Medical settings often contain unidimensional confounders, though they can be more than one. Our approach naturally extends to more than one unidimensional confounders by simply column stacking them. Additionally, recursive least squares also supports multi-dimensional confounders as the code we release imposes no assumptions on the dimensionality.
comparison of computational complexity and memory cost between R-MDN and the baselines
We have updated the paper with this comparison in suppl. B.
[1] Petre Stoica and Per Åhgren. 2002. Exact initialization of the recursive least-squares algorithm. Int. J. Adapt. Control Signal Process. 16, 3 (April 2002), 219–230. https://doi.org/10.1002/acs.681.
Thank you for the detailed response. I am still not convinced this paper has enough novelty beyond naturally extending MDN by replacing OLS with RLS for the sequential nature of data. Thus, I am keeping my original score. However, I reduced my confidence rate as I am not an expert in the medical AI domain, although I am familiar with the methodology and continual learning.
We thank the reviewers for their feedback on our work. We are the first to explore confounder-free representations within continual learning settings, and we are hopeful of the contributions we aim to make in this important space:
-
Replacing the least squares method in MDN with the recursive least squares method is a reasonable choice in the sequential nature of data (Reviewer jUcd)
-
Experiments are conducted carefully and various details are provided in the appendix (Reviewer KFqc)
-
The idea can be generalized to fields beyond medical context (Reviewer FS1M)
-
The paper is very well written and the introduction does a comprehensive analysis of the literature (Reviewer DDrk)

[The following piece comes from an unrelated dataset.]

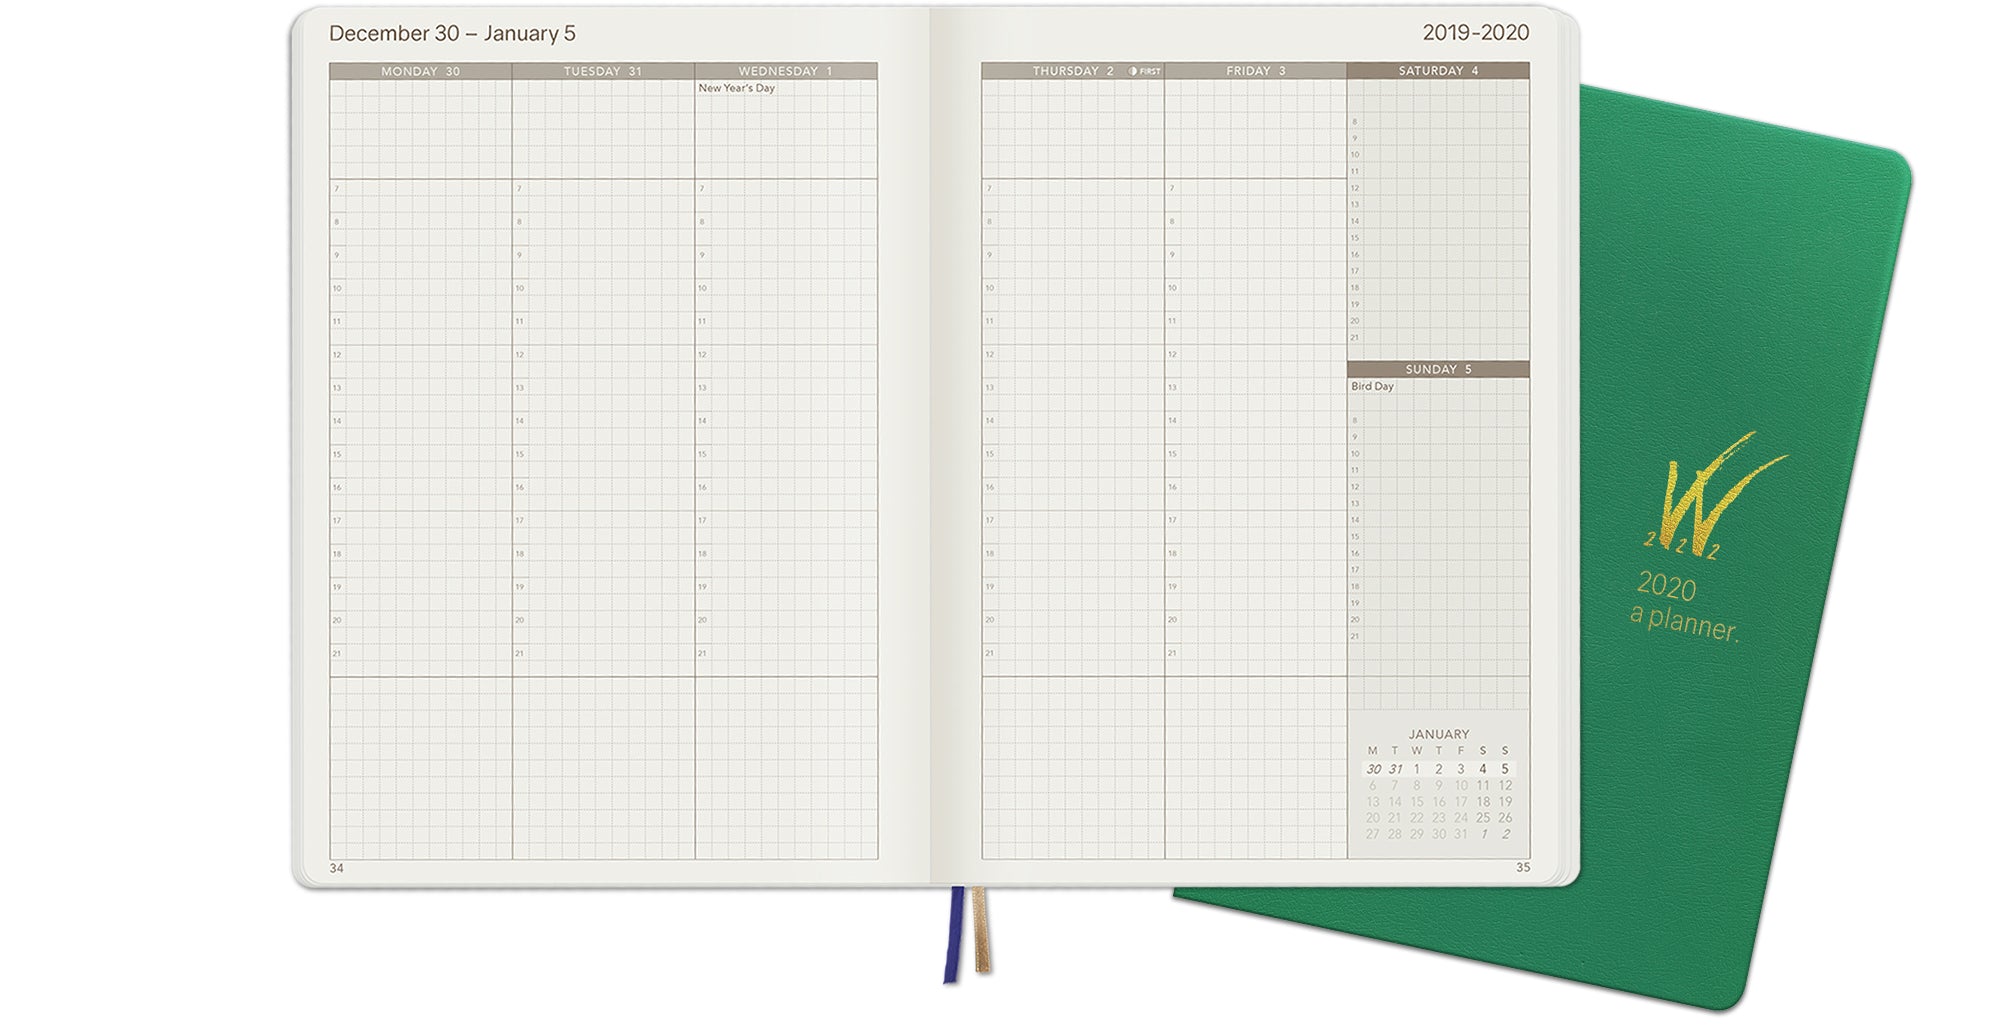 VBWeeks Planner Notebook V.2
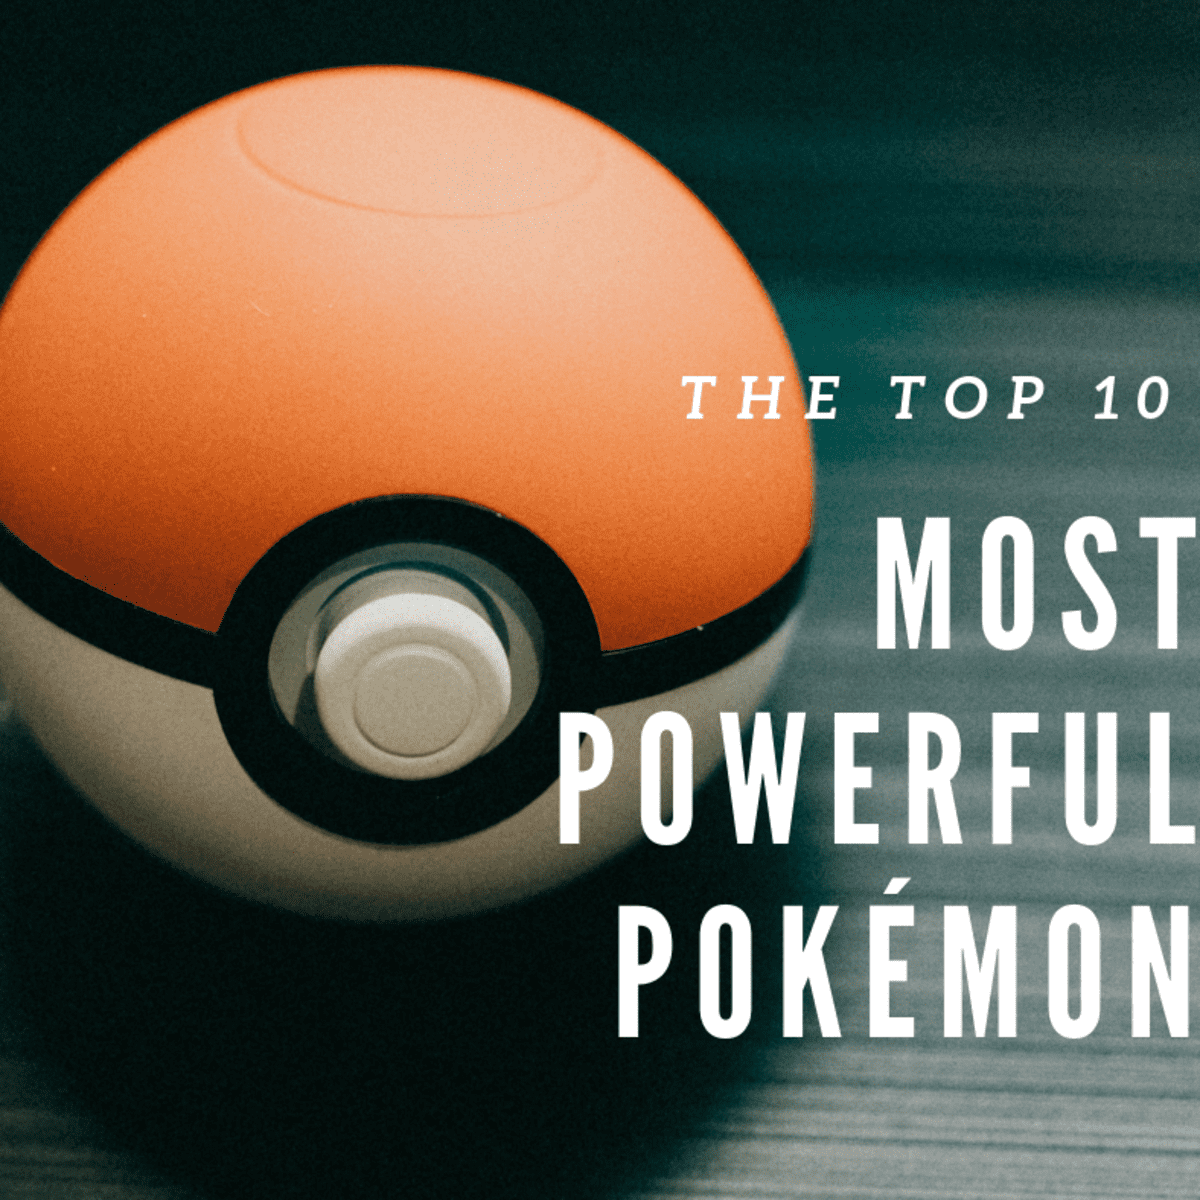 Top 10 Strongest Unova Pokémon - HubPages

Based on the feedback we received, we have revised the paper to further improve the way we present our findings. Specifically, we move some of the figures we plot for our experiments into the supplementary and include tables instead for better interpretability of the results. We include a mathematical derivation of the residual model parameters in suppl. A, and the asymptotic computational and memory complexity of R-MDN and other baselines in suppl. B. We also added some minor explanations that the reviewers requested to include in the paper.
Thank you for your feedback. Unfortunately, the main point of our paper—highlighting how the MDN operation is not applicable to continual learning or even to modern architectures like transformers, as indicated by its original authors and follow-up publications—was missed by the reviewers. We were disheartened to see some reviewers assess our work as if our goal was to improve the SOTA, rather than recognizing that we were introducing a novel concept in continual learning.
During the rebuttal process, we observed a dynamic where reviewers seemed to fall into a negative feedback loop, building on each other’s criticisms while disregarding our responses to those very comments. Some reviewers even shifted their interpretation of the paper’s goal but, instead of adjusting their review scores to reflect this understanding, they lowered their confidence scores! And that happened after the rebuttal.
To avoid further entanglement in this cycle, we have decided to withdraw the paper and focus on refining it for submission to a future venue.